Dan Wallach

Attorney Dan Wallach testifies on constitutionality of sports betting

FRANKFORT, Ky. (WDRB) -- Supporters say the odds for bringing sports betting to Kentucky are improving.

One key question surrounding the issue is whether it requires amending the state constitution. But backers of legalization believe that question has now been answered.

An expert on constitution law told lawmakers in Frankfort on Monday in no uncertain terms that sports wagering will not require a change in the state constitution.

“It's a blowout. There’s no reasoned debate on the issue,” constitutional attorney Dan Wallach said during meeting of the Interim Committee on Licensing, Occupations and Administrative Regulations.

Wallach, who said he has examined the issue for several states, told lawmakers that the original writers of Kentucky’s constitution in the 1890s specifically decided not to include sports betting when they banned lotteries.

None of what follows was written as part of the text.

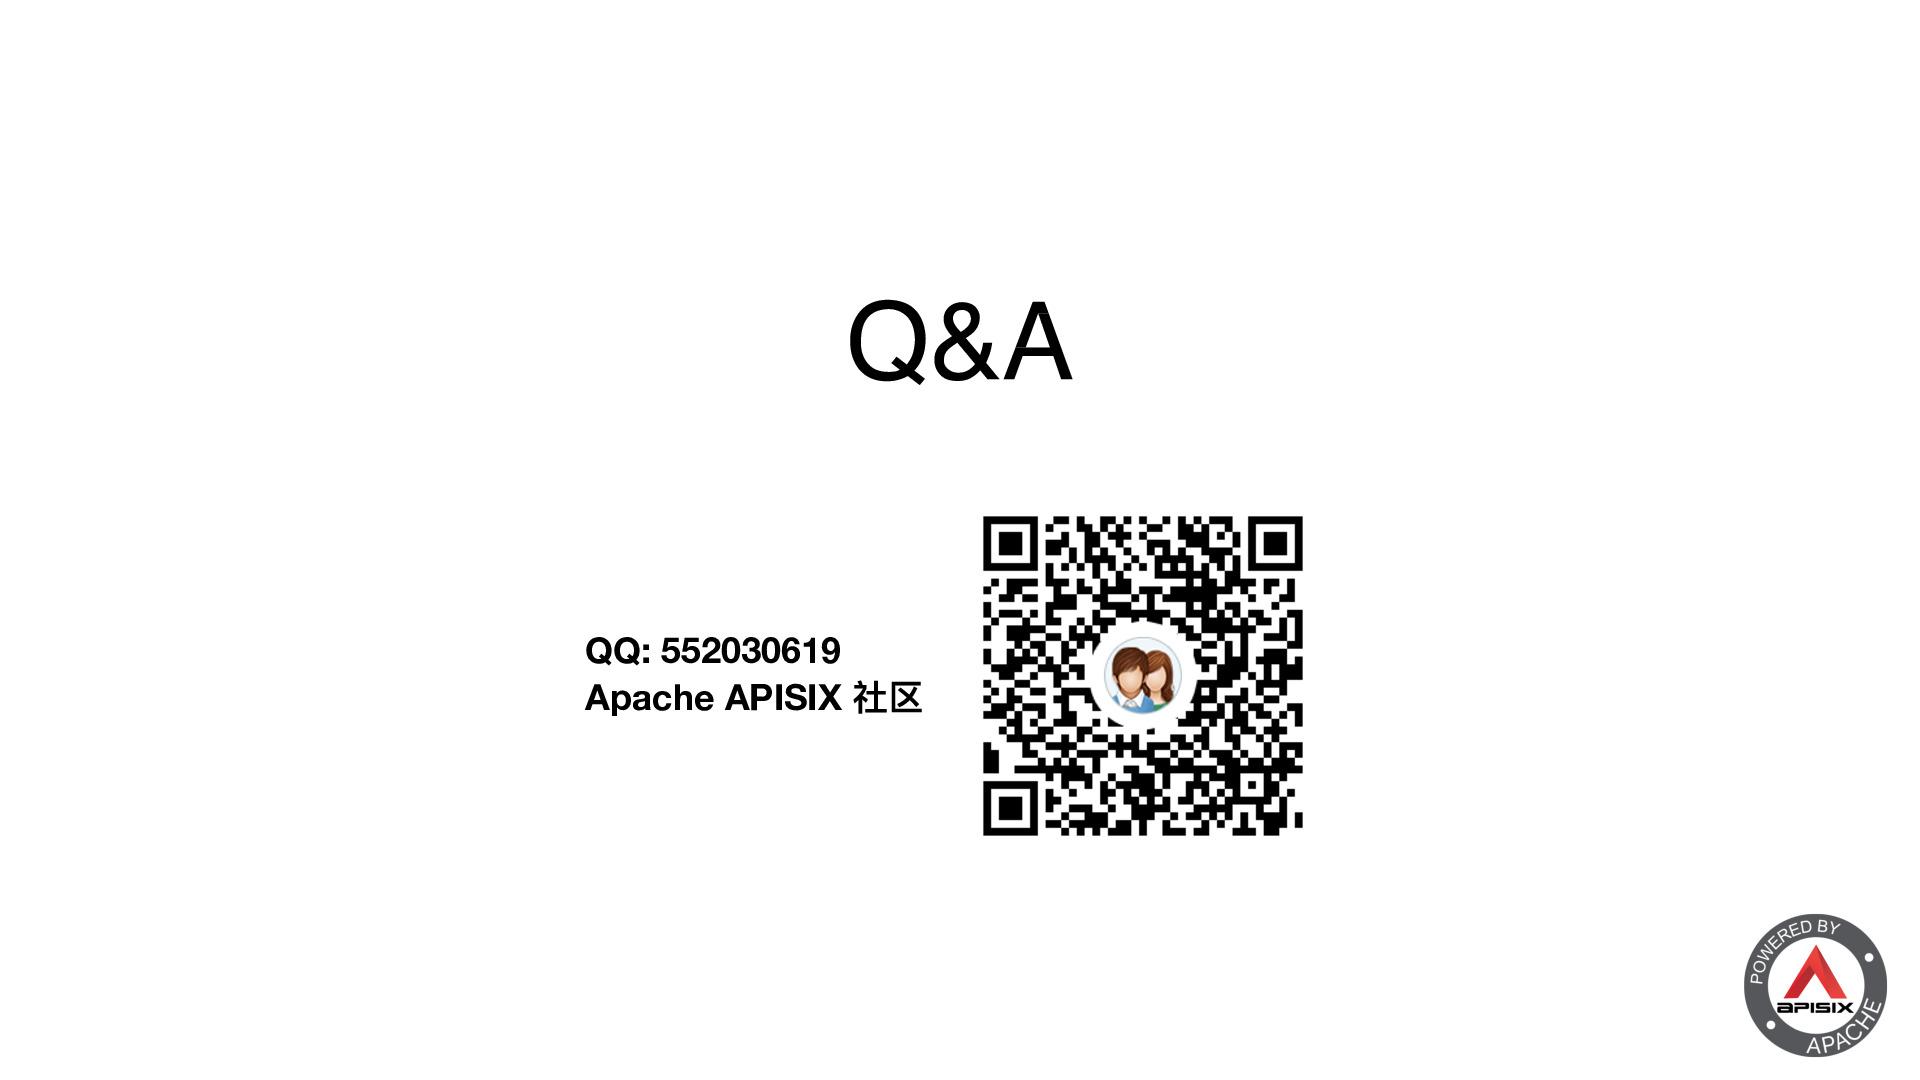 https://opentalk-blog.b0.upaiyun.com/prod/2020-08-13/7d0ca1e6174f1aaec1a48800a8e05ec2
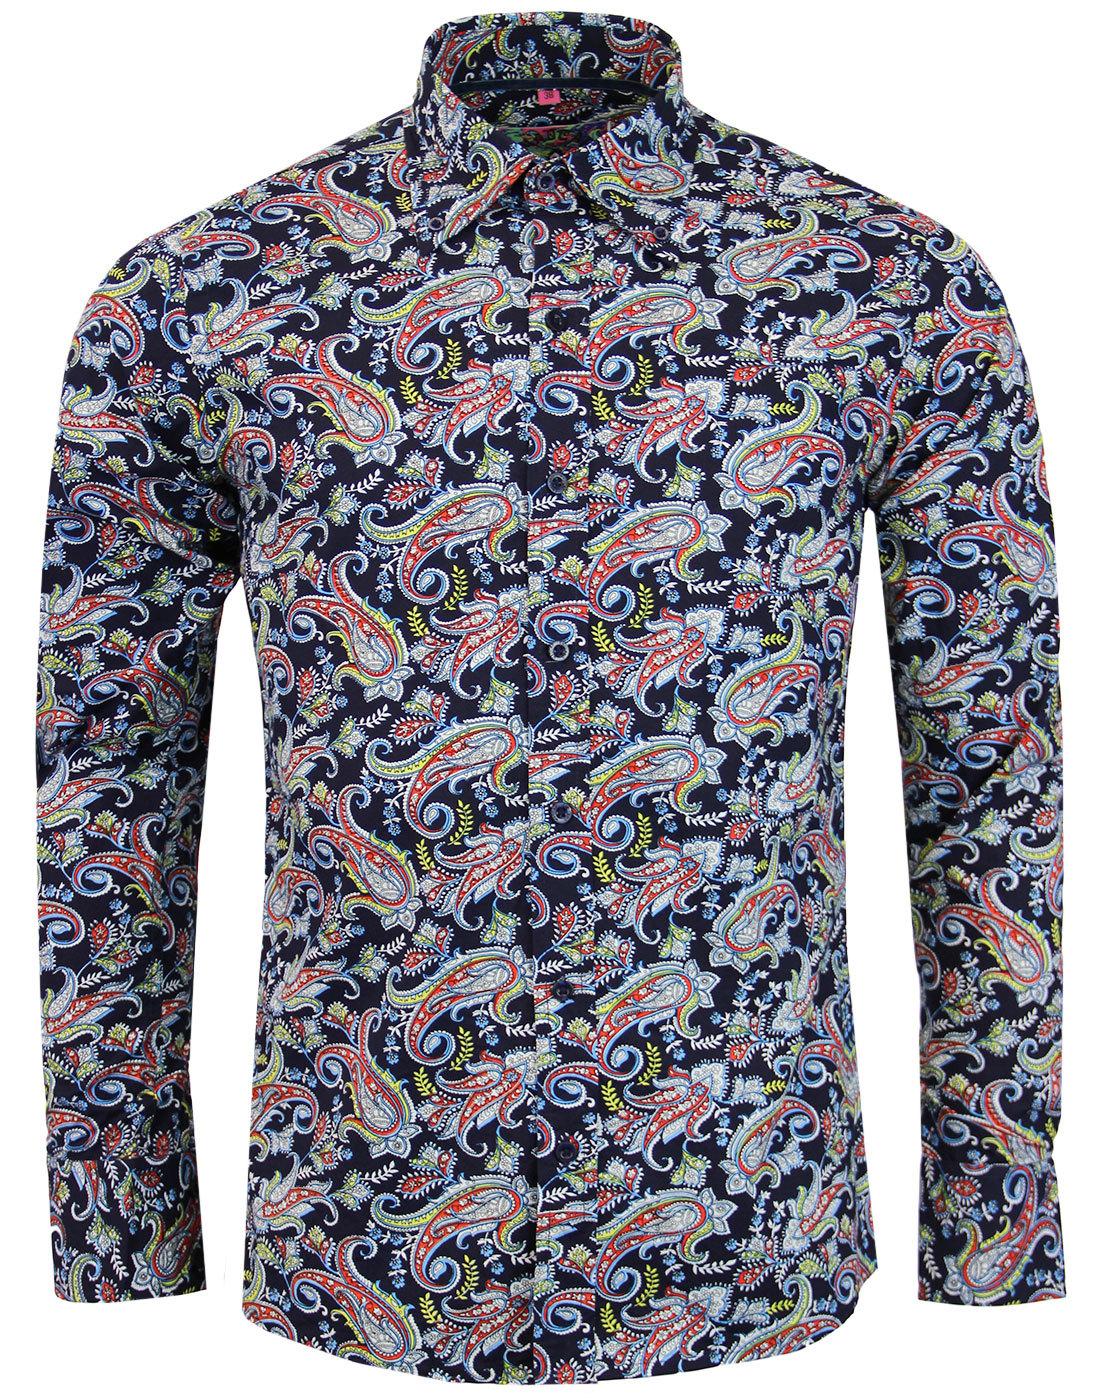 madcap england tabla paisley 1960s mod shirt navy

“The framers considered a ban on sports betting, and they rejected it," Wallach said. "Thus, there is no constitutional barrier to the legalization of sports betting in the commonwealth in Kentucky."

If no constitutional amendment is required, lawmakers could legalize sports gambling without putting the issue to a statewide vote, improving the chances of passage.

Senate Majority Floor Leader Damon Thayer called Wallach’s testimony a “drop the mic moment” for supporters of sports betting.


The Book sports betting area at the new Caesars Southern Indiana casino. (Dec. 12, 2019)  

“You have done an excellent job of, I think, debunking the specious argument that it requires a constitutional amendment to enact sports wagering,” Thayer told Wallach.

However, Stan Cave, a Lexington-based attorney with the Family Foundation, which opposes sports betting, disagreed.

“The plain language in Section 226 of the Kentucky Constitution, an opinion of the highest court in Kentucky at the time and two attorney general opinions make clear that a constitutional amendment is required to legalize sports wagering of the types being considered," Cave told WDRB News via email.

"While I professionally respect the proponents’ Florida lawyer’s differing opinion, he may not be thoroughly versed in Kentucky law,” he said.

Rep. Adam Koenig, who already has filed a sports wagering bill, told reporters, “Honestly, we plan on acting on it pretty quickly."

Koenig believes the election of Gov. Andy Beshear, who supports sports betting, also improves the odds.

“With some help from the governor, that would get us some extra votes, and I think that would be might be particularly important in the Senate,” Koenig said.

Koenig believes sports betting could generate some $20 million in revenue for Kentucky every year.